Don't cheese off the geeks

Digg home page, 1 May 2007Okay, this is immensely nerdy, but it's also important, in a nerdy way. So bear with me.

Here's the basic summary: new-generation high-definition video discs like HD-DVD and Blu-ray include heavy-duty encryption to try to prevent people from copying them. Unfortunately, since people actually need to watch the movies they buy, and since eyeballs cannot be encrypted, the fact is that no matter how heavy-duty the encryption, the only way to keep it that way is to keep the digital decryption key (a string of numbers) somewhere on or in the playback device—but to keep it a secret.

In other words, to play by the movie industry's rules, your HD-DVD or Blu-ray player or hi-def disc-compatible computer needs to hide something from you, its owner.
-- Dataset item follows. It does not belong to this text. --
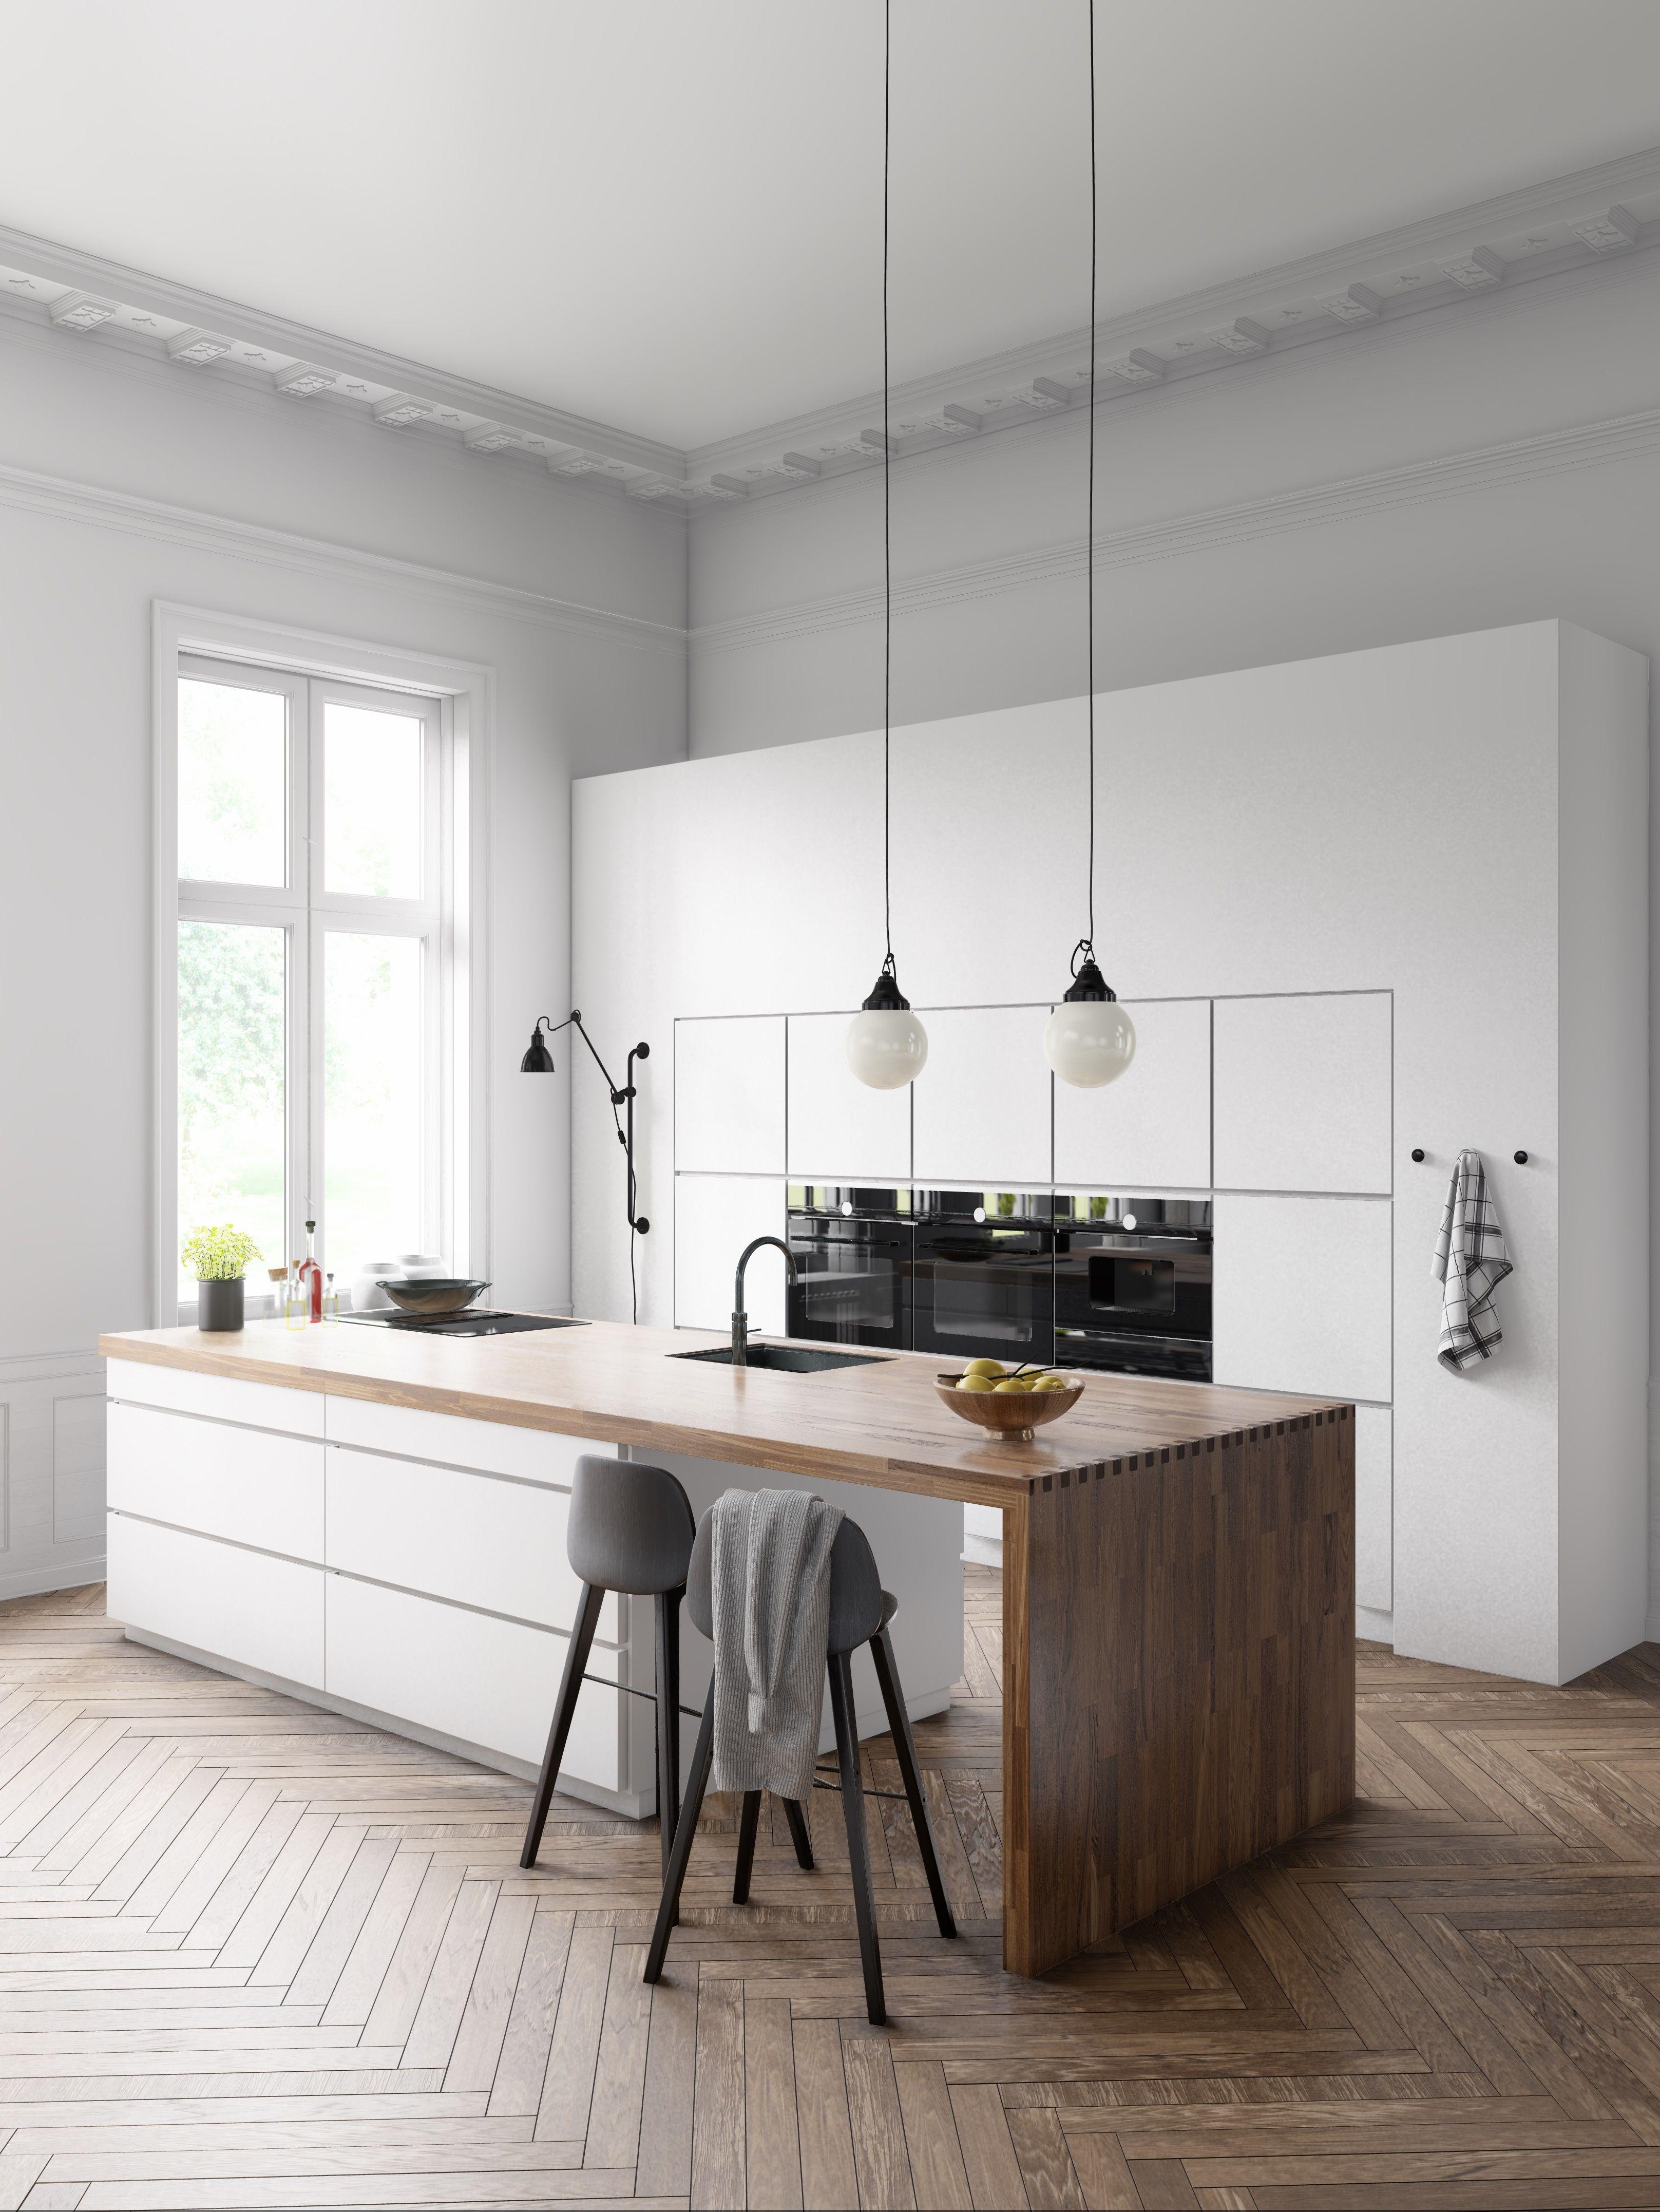 Scandinavian Kitchen White Mood Lumion Community In 2020 Kitchen Design Color Kitchen Tiles Design Classic White Kitchen
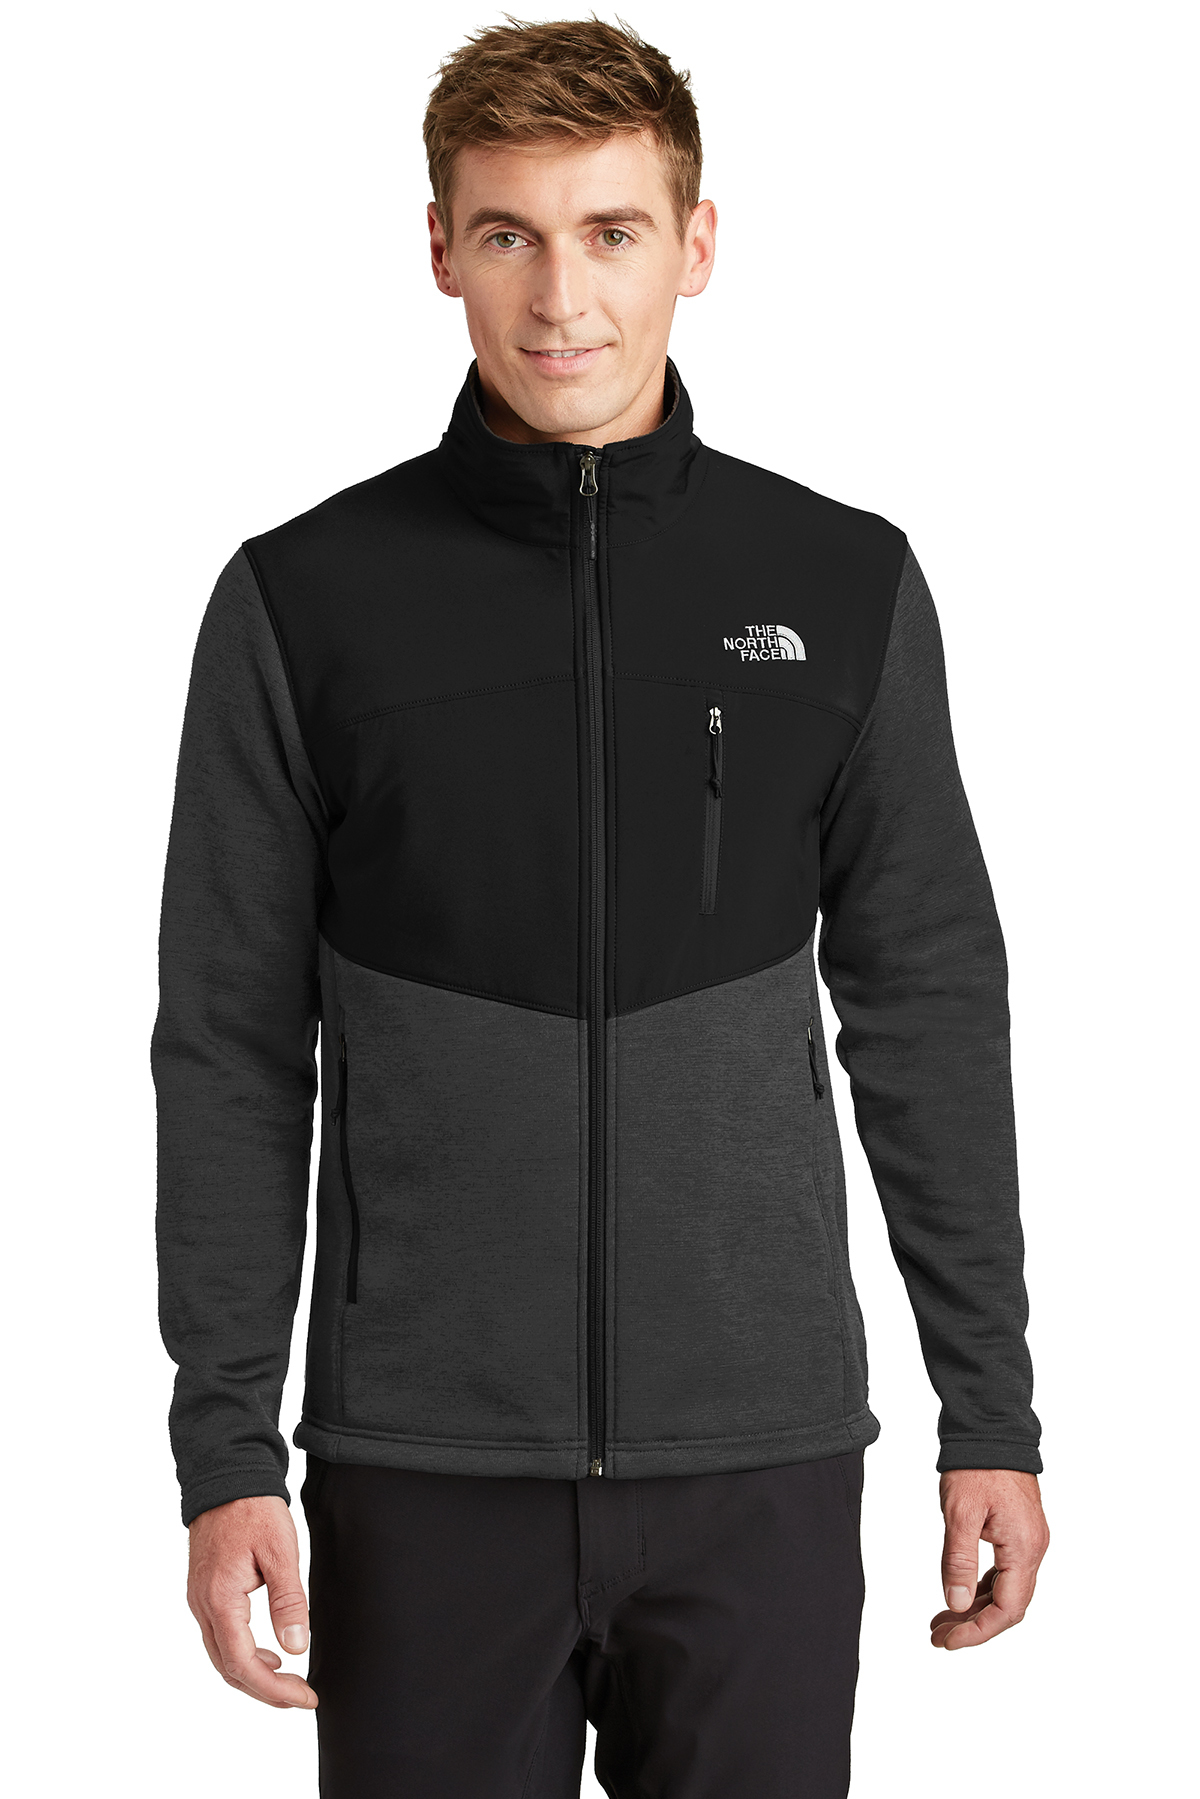 283fa496a The North Face® Far North Fleece Jacket | Corporate Jackets ...

Needless to say, that didn't work for too long. Some geeks extracted a decryption key and posted it online.

The movie industry has used the execrable Digital Millennium Copyright Act to try to get Google to stop indexing the number—a string of hexadecimal digits—and has sent takedown letters to numerous bloggers and other websites that had posted it. One of them was the social news site and geek darling Digg.

Digg rolled, and started deleting posts and banning users, possibly permanently wounding its credibility among its users. And prompting a flood of stories about nothing but the decryption key, which now has its own MySpace profile, as well as T-shirts and songs and stuff.

Yup, that worked really well.

UPDATE: Digg has given up and decided the blocking/banning was a bad idea.